Restate word for word the lines of the entries below, starting with the line that holds "GNDU (Guru Nanak" and ending with the line that holds "Maria-Luisa-Medack-Wallpapers-Insta-Fit-Bio-1", and no others.

··· DATA EXCERPTS ···

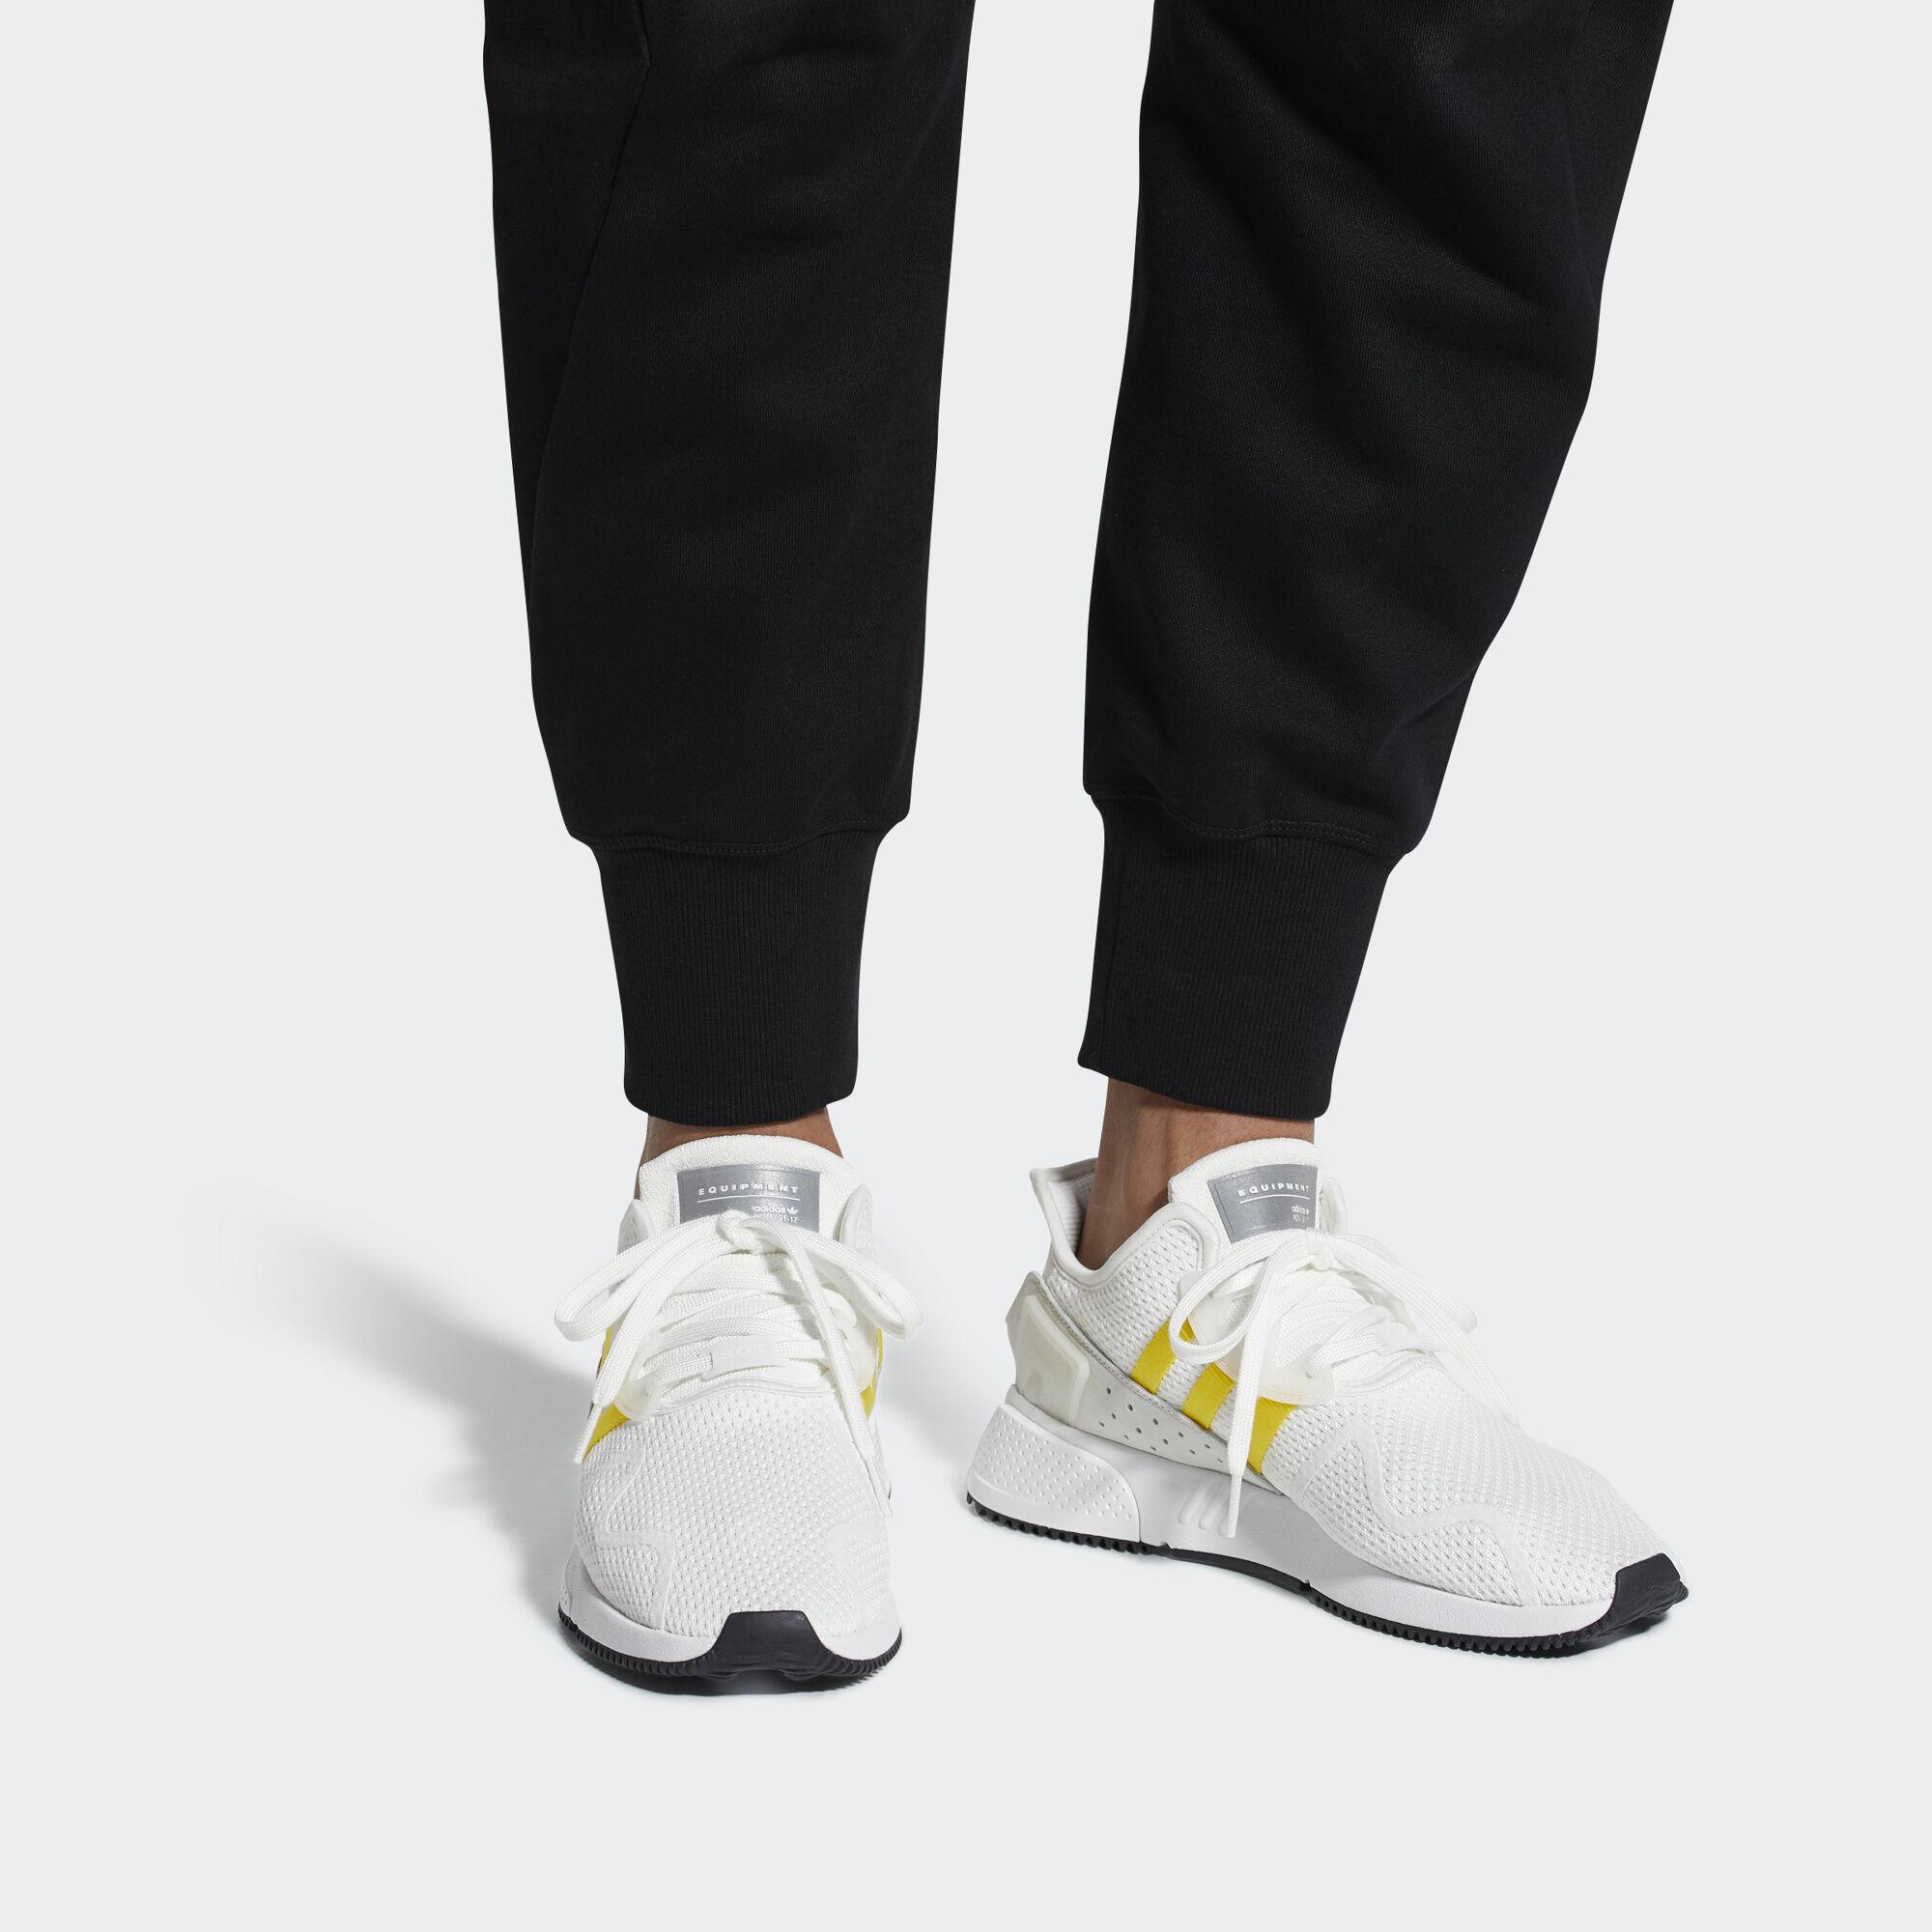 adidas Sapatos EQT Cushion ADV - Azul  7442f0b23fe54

···
··· DATA EXCERPTS ···

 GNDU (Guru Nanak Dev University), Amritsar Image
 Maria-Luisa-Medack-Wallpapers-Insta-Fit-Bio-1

···

▶ [SOLUTION]
 GNDU (Guru Nanak Dev University), Amritsar Image
 Maria-Luisa-Medack-Wallpapers-Insta-Fit-Bio-1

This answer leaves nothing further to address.